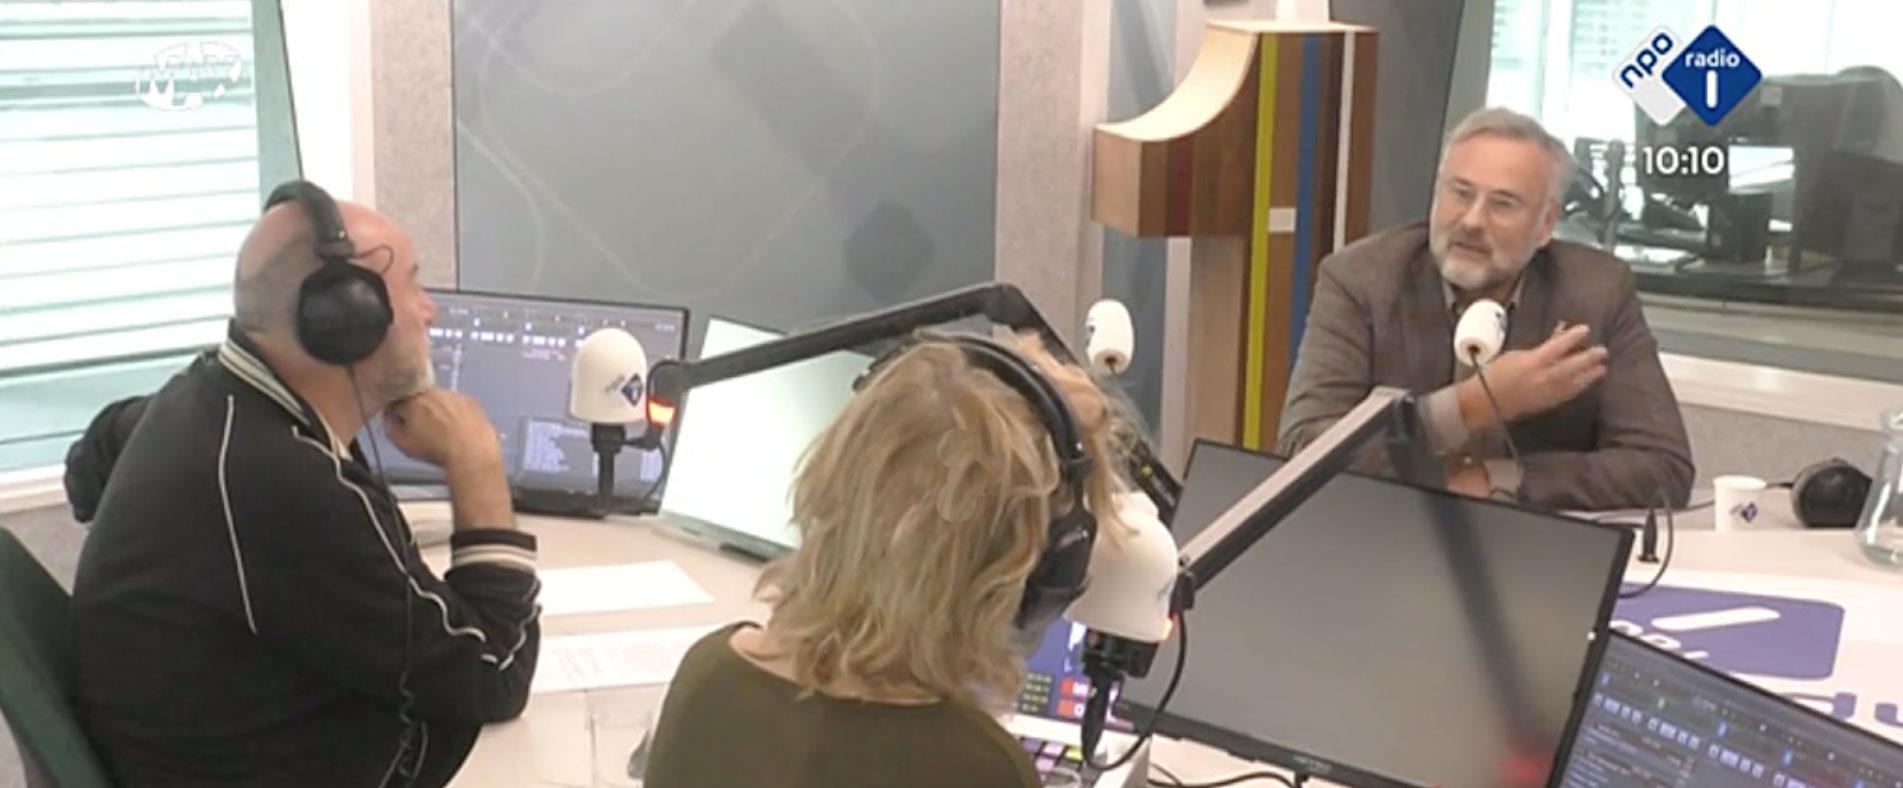 Radio 1: Titanenstrijd tegen korte termijn kapitalisten
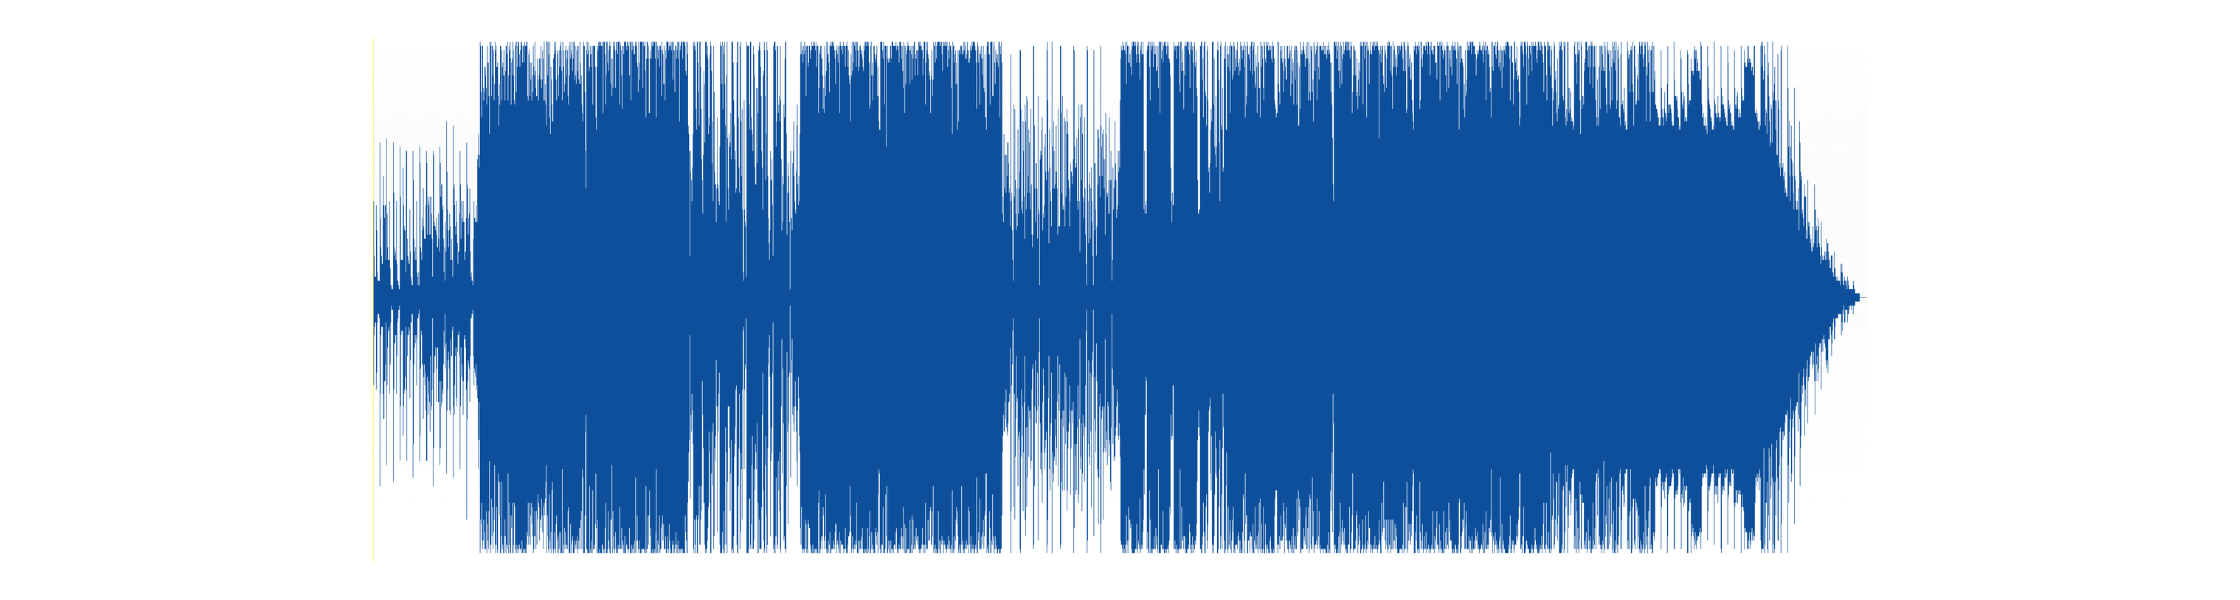 STAKING NFT Music Soundwave_Connie Digital_MAiWORLD
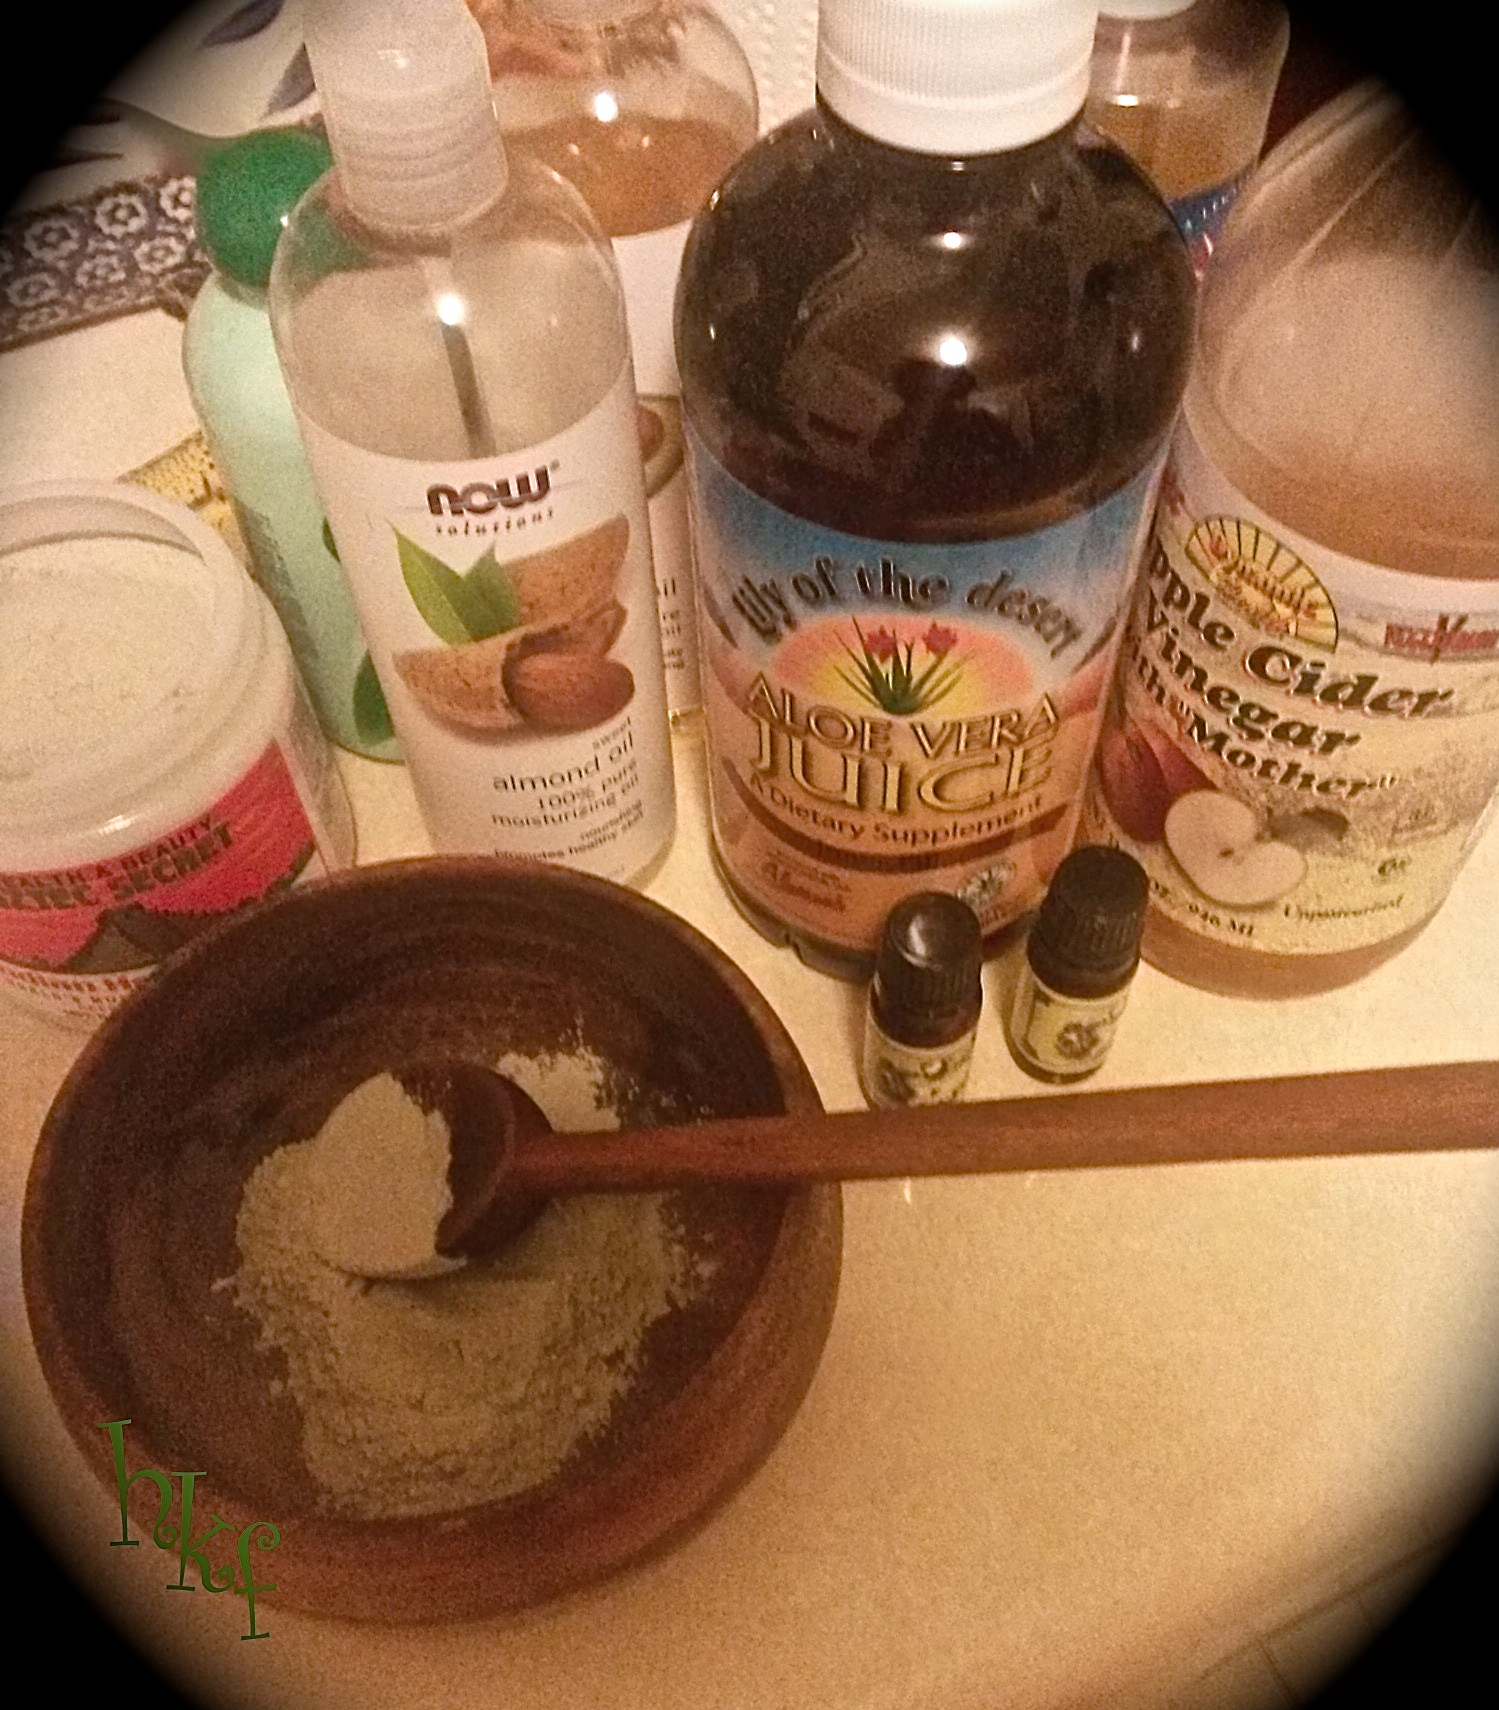 DIY Aloe Vera Mud Wash *Natural Hair* | Happy Kinks Forever's

──────────

Each line above is to be duplicated exactly, and the pictures are to be omitted.

> _Written response_
 Radio 1: Titanenstrijd tegen korte termijn kapitalisten
 STAKING NFT Music Soundwave_Connie Digital_MAiWORLD
 DIY Aloe Vera Mud Wash *Natural Hair* | Happy Kinks Forever's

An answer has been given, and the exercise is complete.